1.10.3 Materials that contain cementitious components, such as cement, fly ash, lime, or other stabilization admixtures.
1.11 This test method may not produce consistent test results within and between laboratories for the following soils and the precision statement does not apply to them.
1.11.1 Friable soils in which the sieving processes change the gradation of the soil. Typical examples of these soils are some residual soils, most weathered shales and some weakly cemented soils such as hardpan, caliche or coquina.
1.11.2 Soils that will not readily disperse such as glauconitic clays or some dried plastic clays.
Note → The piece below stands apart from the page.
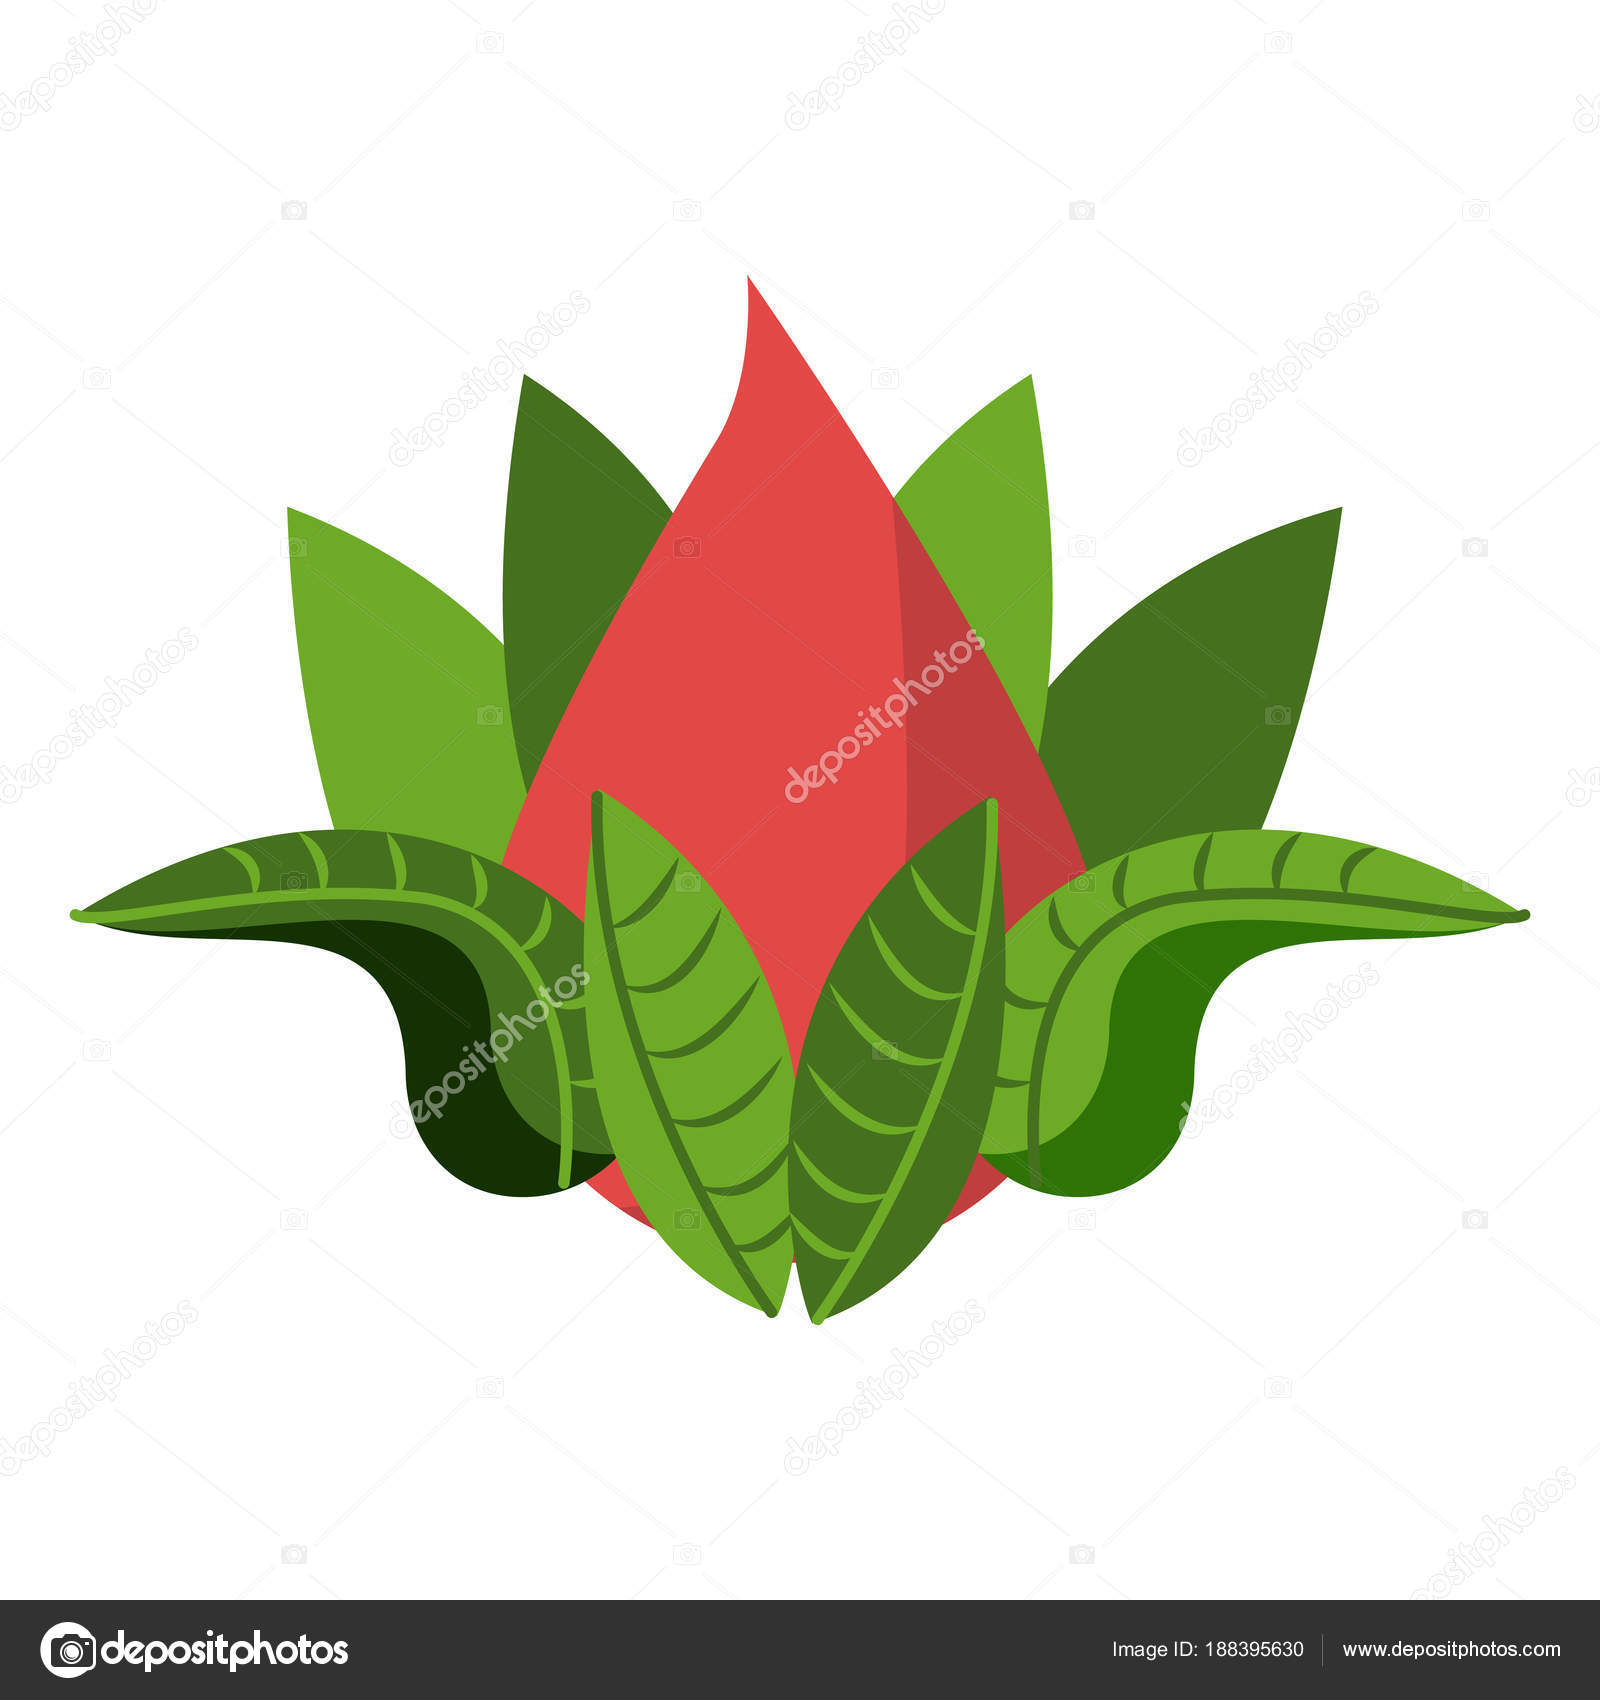 Lotus flower symbol stock vector jemastock 188395630 lotus flower symbol vector illustration graphic design vector by jemastock mightylinksfo

1.11.3 To test these soils, this test method must be adapted, or altered, and these alterations documented. Depending on the design considerations, a specialized gradation-testing program could be performed. The alterations could require the washing and sieving procedures to be standardized such that each specimen would be processed in a similar manner.
1.12 Some materials that are not soils, but are made up of particles may be tested using this method. However, the applicable sections above should be used in applying this standard.
1.13 All observed and calculated values shall conform to the guidelines for significant digits and rounding established in Practice D 6026
1.13.1 The procedures used to specify how data are collected/recorded and calculated in this standard are regarded as the industry standard. In addition, they are representative of the significant digits that generally should be retained. The procedures used do not consider material variation, purpose for obtaining the data, special purpose studies, or any considerations for the user's objectives; and it is common practice to increase or reduce significant digits of reported data to be commensurate with these considerations. It is beyond the scope of these test methods to consider significant digits used in analysis methods for engineering design.
1.14 Units—The dimensional values stated in either SI units or inch-pound units are to be regarded as standard, such as 200-mm or 8-in. diameter sieve. Except, the sieve designations are typically identified using the “alternative” system in accordance with Practice E 11
1.15 A summary of the symbols used in this test method is given in Annex A1.
1.16 This standard does not purport to address all of the safety concerns, if any, associated with its use. It is the responsibility of the user of this standard to establish appropriate safety and health practices and determine the applicability of regulatory limitations prior to use.